%%

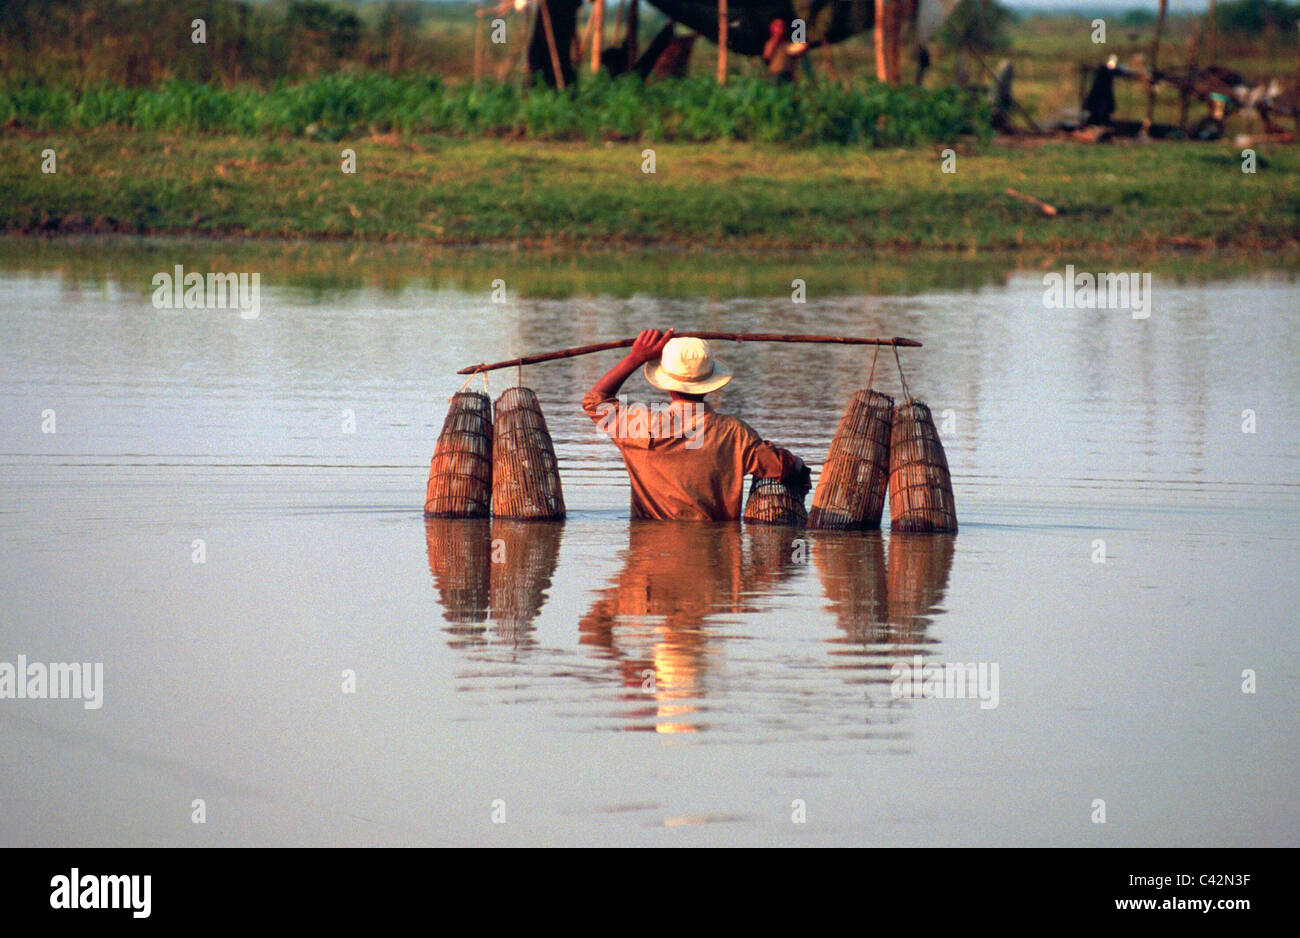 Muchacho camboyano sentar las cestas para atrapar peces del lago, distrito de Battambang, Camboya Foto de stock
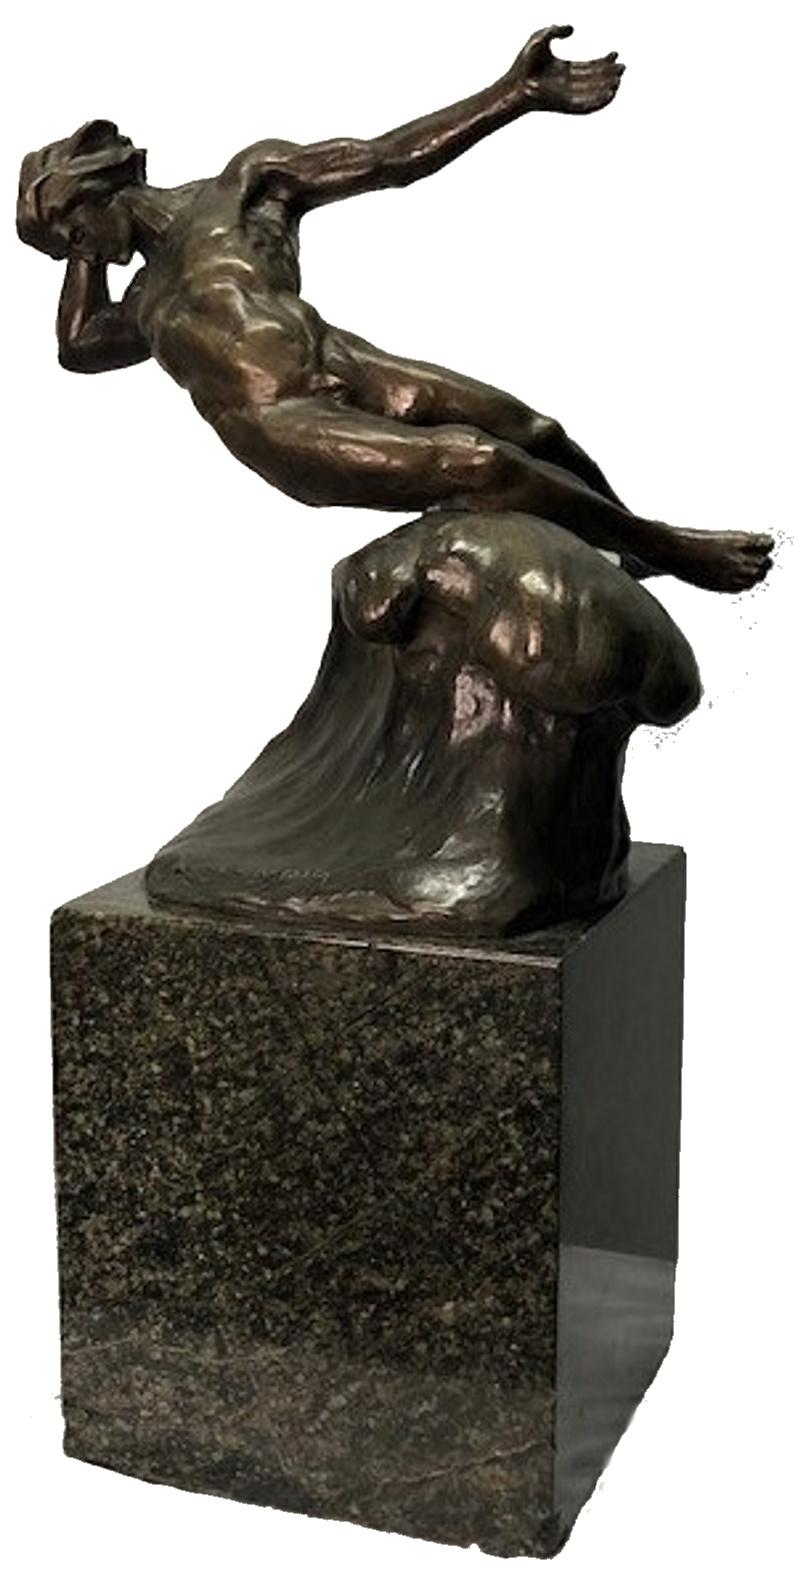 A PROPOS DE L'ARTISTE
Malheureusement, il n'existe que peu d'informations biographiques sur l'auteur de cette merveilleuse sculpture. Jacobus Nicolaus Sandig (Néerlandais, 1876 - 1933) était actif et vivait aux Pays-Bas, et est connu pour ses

%%

With the images removed, write out all of the material above exactly.

▶ _REPLY TO THE TASK_
 Muchacho camboyano sentar las cestas para atrapar peces del lago, distrito de Battambang, Camboya Foto de stock
 A PROPOS DE L'ARTISTE
Malheureusement, il n'existe que peu d'informations biographiques sur l'auteur de cette merveilleuse sculpture. Jacobus Nicolaus Sandig (Néerlandais, 1876 - 1933) était actif et vivait aux Pays-Bas, et est connu pour ses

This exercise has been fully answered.